New view of nature’s oldest light adds fresh twist to debate over universe’s age

From a mountain high in Chile’s Atacama Desert, astronomers with the National Science Foundation’s Atacama Cosmology Telescope (ACT), including astronomer Mark Devlin, have taken a fresh look at the oldest light in the universe. Their new observations, plus a bit of cosmic geometry, suggest that the universe is 13.77 billion years old, give or take 40 million years.

The new estimate matches the standard model of the universe, as well as measurements taken of the same light by the Planck satellite, an agreement that adds a fresh twist to an ongoing debate in the astrophysics community, says Simone Aiola, postdoctoral research associate at the Flatiron Institute’s Center for Computational Astrophysics and first author of one of two new pre-print articles posted to arXiv. In 2019, a team of researchers measuring the movements of galaxies calculated that the universe is hundreds of millions of years younger than the Planck team predicted. That discrepancy suggested that a new model for the universe might be needed and brought up concerns that one of the sets of measurements might be incorrect. “Now we’ve come up with an answer where Planck and ACT agree,” says Aiola. “It speaks to the fact that these difficult measurements are reliable.” 

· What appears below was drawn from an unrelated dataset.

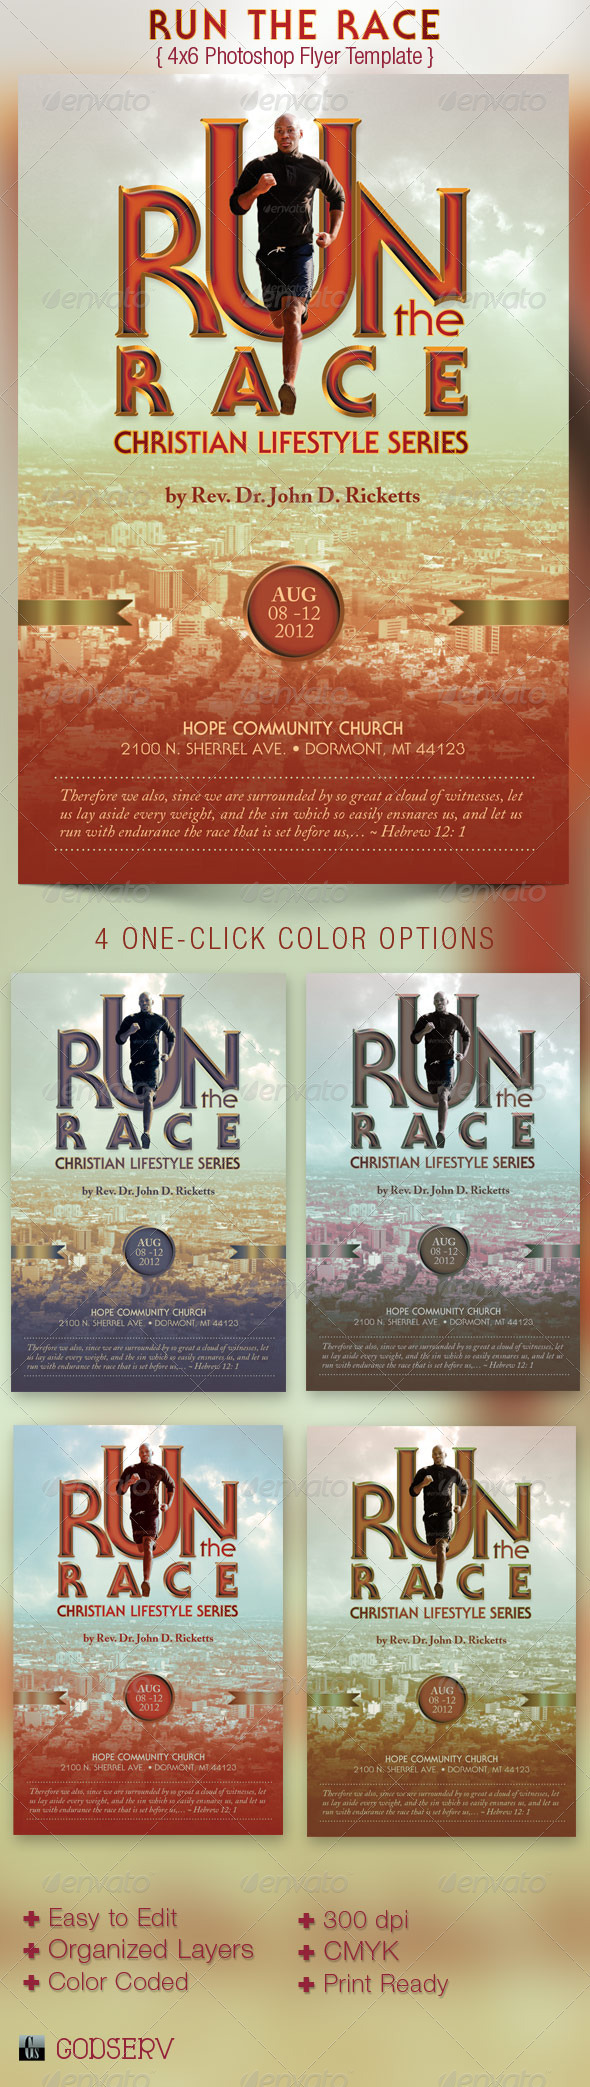 Run Race Church Flyer Template - Church Flyers

The age of the universe also reveals how fast the cosmos is expanding, a number quantified by the Hubble constant. The ACT measurements suggest a Hubble constant of 67.6 kilometers per second per megaparsec. That means that an object 1 megaparsec, around 3.26 million light-years, is moving away from Earth at 67.6 kilometers per second due to the expansion of the universe. This result agrees almost exactly with the previous estimate of 67.4 kilometers per second by the Planck team and slower than the 74 kilometers per second constant inferred from the measurements of galaxies. “I didn’t have a particular preference for any specific value. It was going to be interesting one way or another,” says Steve Choi, a postdoc at Cornell University and lead author of the second other pre-print article posted to arXiv. “We find an expansion rate that is right on the estimate by the Planck satellite team. This gives us more confidence in measurements of the universe’s oldest light.”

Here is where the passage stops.